This movie is just amazing. You put it on, see all the colors, great period cars and sets, and the awesome soundtrack. One of those movies you could just sit with at any time, because it’s just good, and just eminently watchable. You don’t need to be in a mood to watch this. This is a winner any time of day.
Also, something else that’s totally nuts — they made this movie for less than $800,000. And it grossed over $100 million. Not a bad decade for George, guys.
5. Badlands
Talk about a debut. This was Terrence Malick’s first film. A lot of people still consider it his best, something with which I will not argue, even if I probably would disagree in the end. Not that his first five films aren’t all masterpieces, because they are.
This is a simple story that’s been borrowed from for years. The main theme was basically stolen for True Romance, which Tarantino clearly based off this movie. It’s not even subtle. It’s Martin Sheen and Sissy Spacek as two people who fall in love… and then end up going across the country on a bit of a crime spree. But it’s not like Bonnie and Clyde. It’s much more sublime. Just beautiful images amidst occasional moments of violence. It’s just a beautiful film (one of the most visually stunning movies ever made), and showed what a tremendous talent Malick is.
6. Papillon
“It seems so desperate. You think it will work?”
“Does it matter?”
Somehow I continue to feel that this is one of the most overlooked movies of the 70s. This movie is just near-perfect. Franklin Schaffner directed it, coming off Planet of the Apes, Patton and Nicholas and Alexandra. It starts Steve McQueen at the height of his stardom, and Dustin Hoffman, who at the time, if he wasn’t right there with McQueen at the top of Hollywood, he was there within a year or two of this.
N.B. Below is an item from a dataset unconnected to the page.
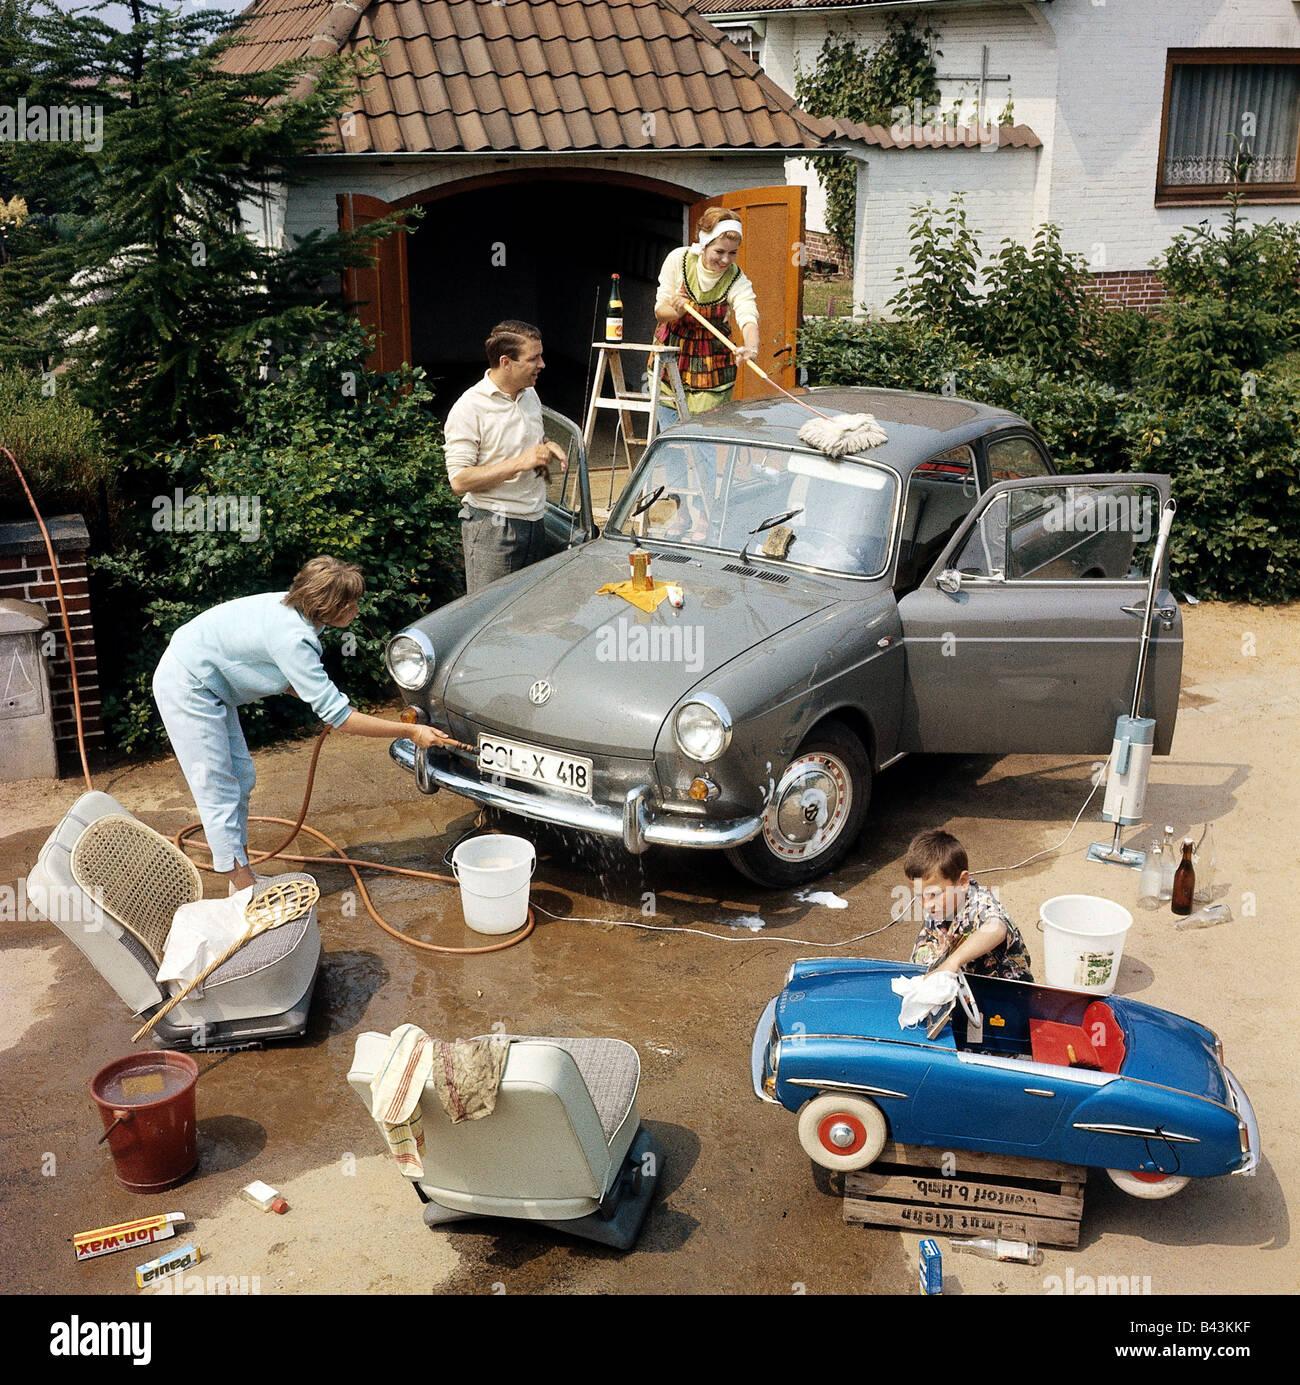 menschen familie autowaschen 1960er jahre historisch historische 60er jahre zu hause am. Black Bedroom Furniture Sets. Home Design Ideas

The film takes place within a prison colony in French Guiana. McQueen and Hoffman are both prisoners, and we see them during their time there, as McQueen begins to plot an escape. That’s the movie. A prison break movie. And it’s fucking riveting. Two and a half hours and it goes by like that. It’s so, so good. Those who’ve seen it know the greatness that it entails, but I feel like it so often is never seen by people, because there’s so much other great 70s stuff around it that it gets lost in the shuffle. But trust me, do not miss out on this. One of the greatest movies ever made, and one of those movies that’s so broadly liked by all that it’s almost impossible to go wrong by putting it on.
7. Mean Streets
“You don’t make up for your sins in church. You do it in the streets. You do it at home. The rest is bullshit and you know it.”
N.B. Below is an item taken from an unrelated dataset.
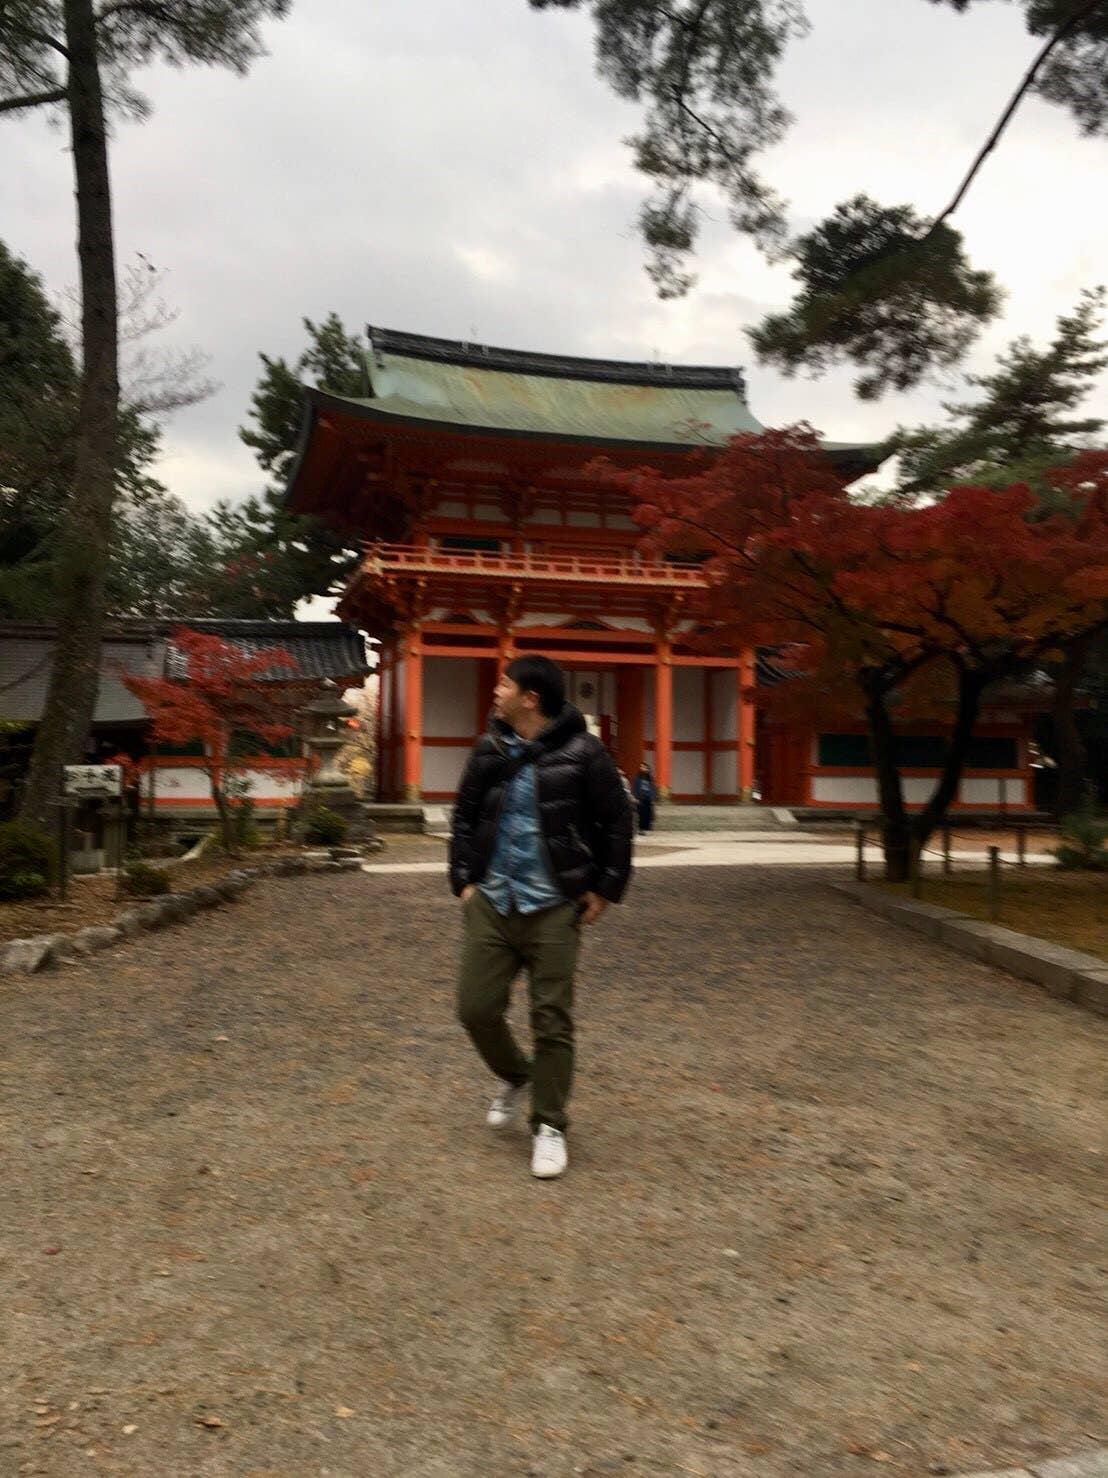 Yoshiki Haruna

When Martin Scorsese came onto the scene, he made sure people noticed. He’d already directed Who’s That Knocking at My Door? and Boxcar Bertha, but this is where his career took a turn (one of many turns, I will point out). After Boxcar Bertha, John Cassavetes told him he should make films that were personal to him, rather than directing other peoples’ material, so he came out with this, based on his own experiences growing up. And I can only imagine what this was like at the time. This must have really widened some eyes. Even now, you can see how wide-ranging its influence is on film and television. And that’s before all the other movies that are so clearly influential, like Goodfellas and Raging Bull and Taxi Driver.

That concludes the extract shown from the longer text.